DNA: The molecules in the body that are naturally inherited from parents and most strongly influence the body’s characteristics, development through life, and many tendencies for behavior. We might say that the “function” of DNA is to pass characteristics from parents to children.

DNA influences the body by interacting in various ways with protein molecules, often “instructing” the way protein is used. Protein is found in every cell of the organism and used to build new cells, repair cells, or create chemicals that affect the organism’s most fundamental processes.

There are four primary substances (bases) in DNA that are organized in long sequences in the shape of strands (chains). Each individual organism’s DNA has a unique pattern of these four bases, although 99% are the same in every person. Human DNA consists of about 3 billion bases, so even a 1% difference can be significant.

DNA creates new copies of itself (replicates) when cells divide. A change in the DNA, called a mutation, can occur very rarely during the replication process.

Nearly all – about 99% – of DNA is called “junk” DNA because it does not provide any instructions (coding) for making or synthesizing proteins. Only recently have scientists figured out that “junk” DNA can be very important to regulating whether genes are turned “on” or “off”.

Gene: A segment of DNA that, as a unified segment, has a particular effect on the organism. Some genes, for example, may cause a human body to have blue eyes, while other genes may influence behavior by causing an organism to have a physical drive to run away when attacked. A single gene can have multiple influences on the body, and most characteristics are generated by a combination of genes.

A single gene may include a few hundred DNA bases up to more than 2,000,000. There may be 25,000 genes in a human being, although this is not known for certain.

Genome: The entire sequence of genes in the DNA of an individual organism. Although every individual organism has a unique genome, scientists often talk about the genome of a species, which is the type and sequence of genes that are nearly identical within all individuals of that species, as well as a description of the genes and their places within DNA that often vary among individuals.

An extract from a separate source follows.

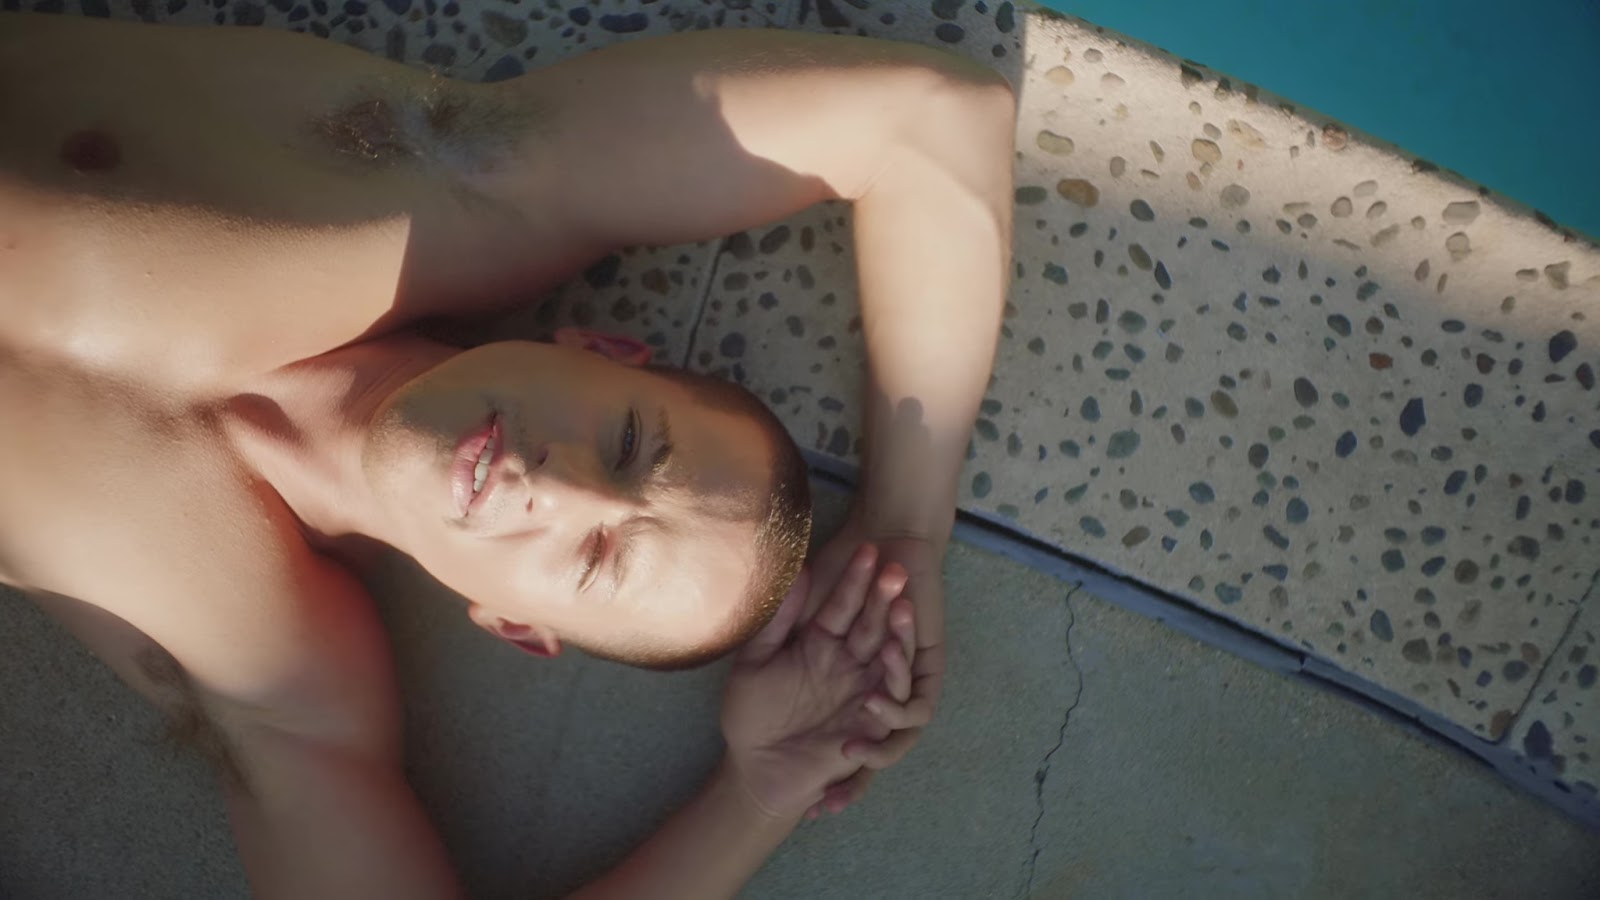 Charlie Puth shirtless in Mother music video.

Mitochondria: Mitochondria are structures in cells that breaks down nutrients to produce energy for the cell. They float free throughout the cell and can number in the thousands, although some cells have none. While most DNA is found in the nucleus of a cell, mitochondria have their own ribosomes and DNA. This mitochondrial DNA can be very important in causing problems (“diseases” or “abnormalities”) when the DNA mutates as it is inherited.

RNA: An acid present in the nucleus of all living cells. It carries “instructions” from DNA to control the synthesis of proteins. In some viruses, RNA rather than DNA carries the genetic information.